* [TASK PROMPT]:
Would you repeat the data below exactly, taking out the images?

Stored items:

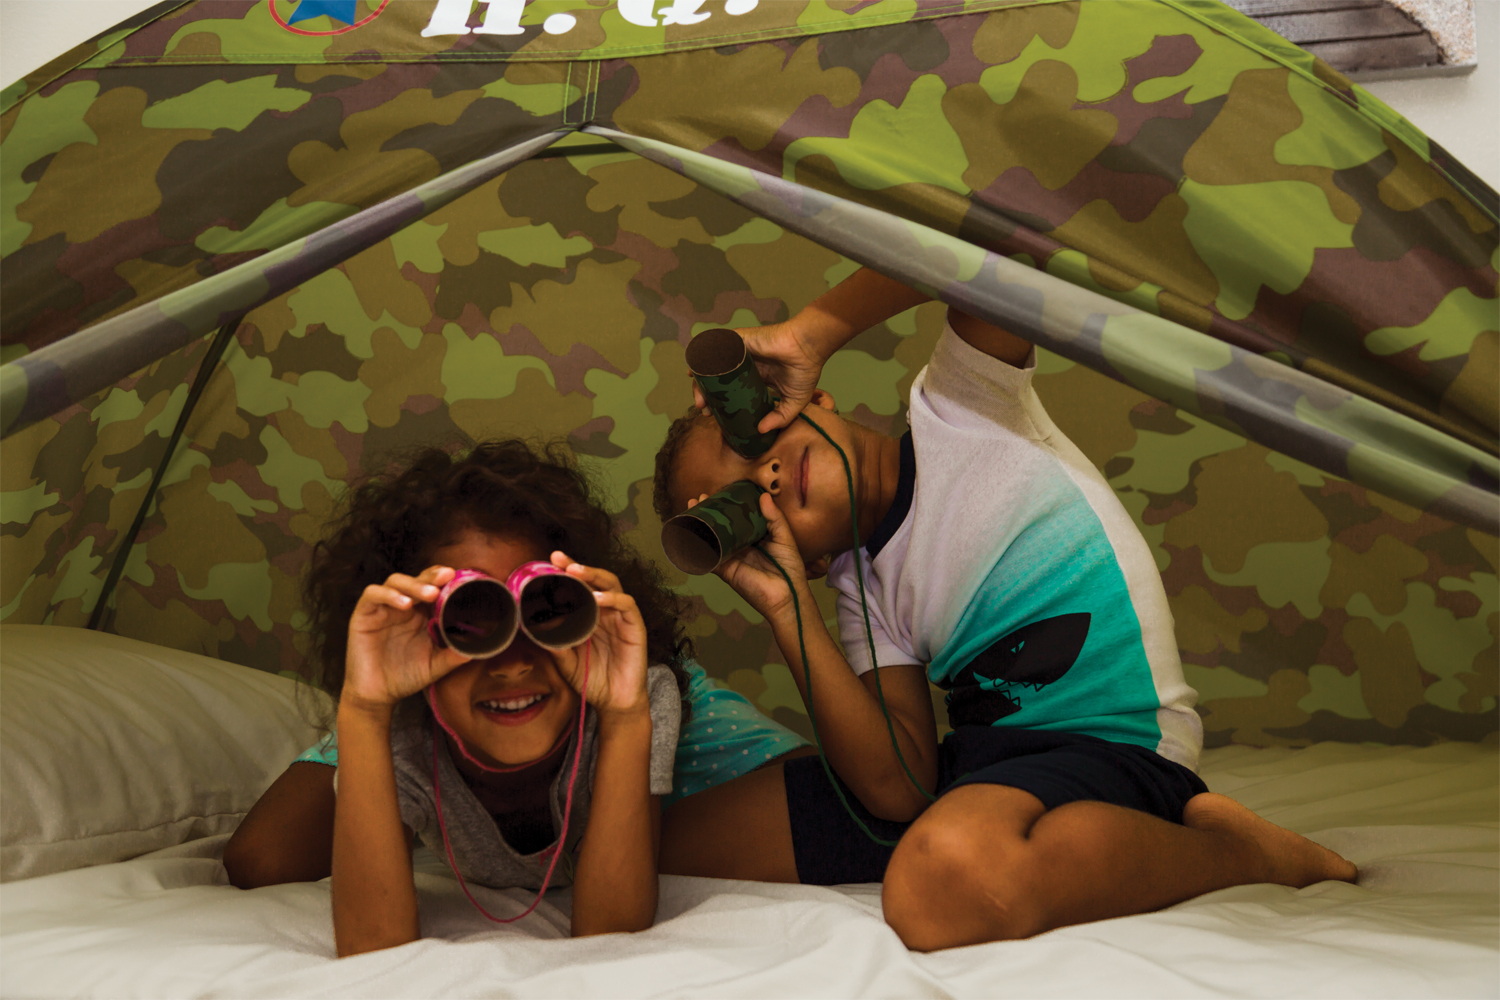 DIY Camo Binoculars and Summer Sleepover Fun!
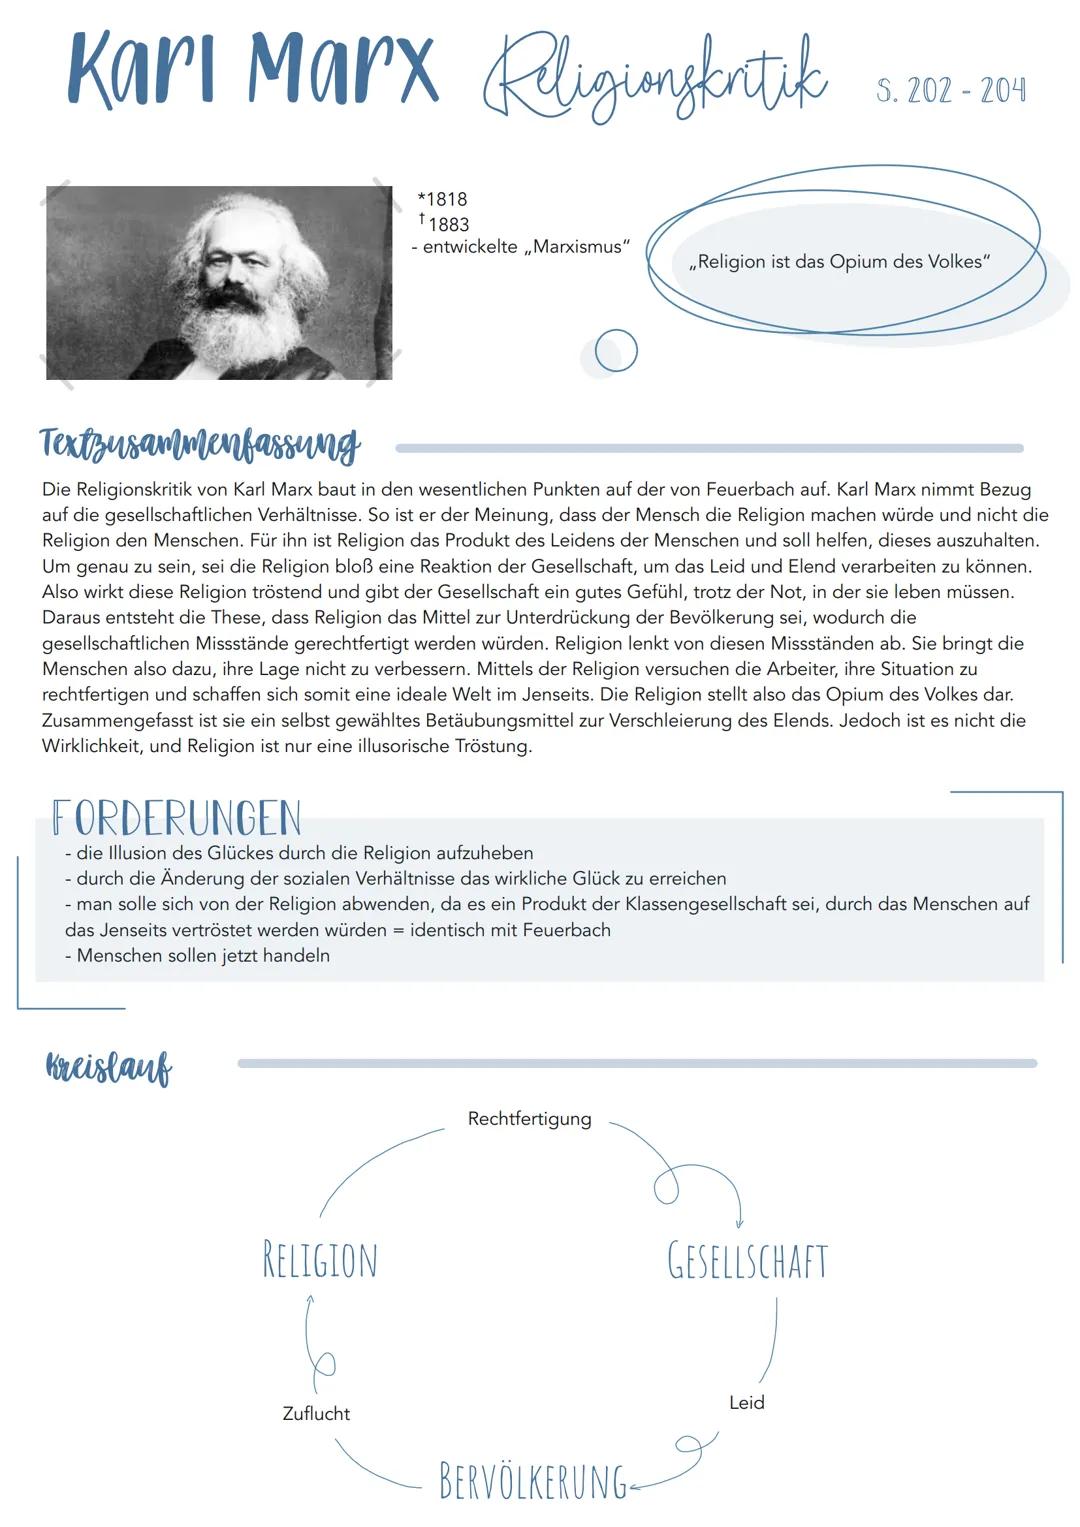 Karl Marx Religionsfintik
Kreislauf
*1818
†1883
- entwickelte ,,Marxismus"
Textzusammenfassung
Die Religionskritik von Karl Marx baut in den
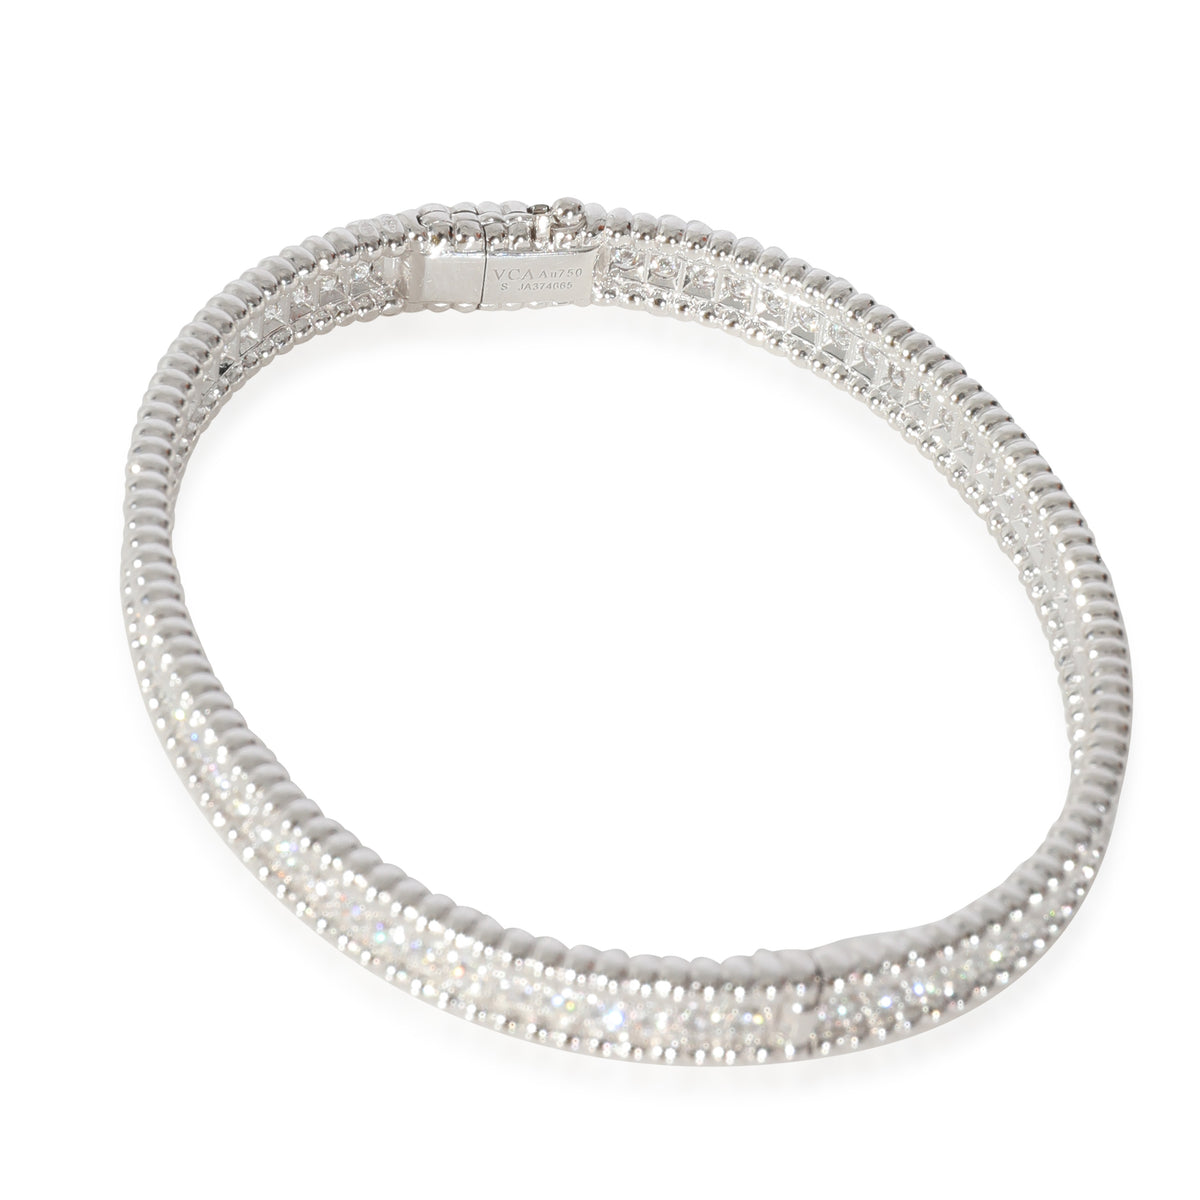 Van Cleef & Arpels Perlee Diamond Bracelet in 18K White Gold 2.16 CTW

* [RESULT FOR THIS EXERCISE]:
 DIY Camo Binoculars and Summer Sleepover Fun!
 Karl Marx Religionsfintik
Kreislauf
*1818
†1883
- entwickelte ,,Marxismus"
Textzusammenfassung
Die Religionskritik von Karl Marx baut in den
 Van Cleef & Arpels Perlee Diamond Bracelet in 18K White Gold 2.16 CTW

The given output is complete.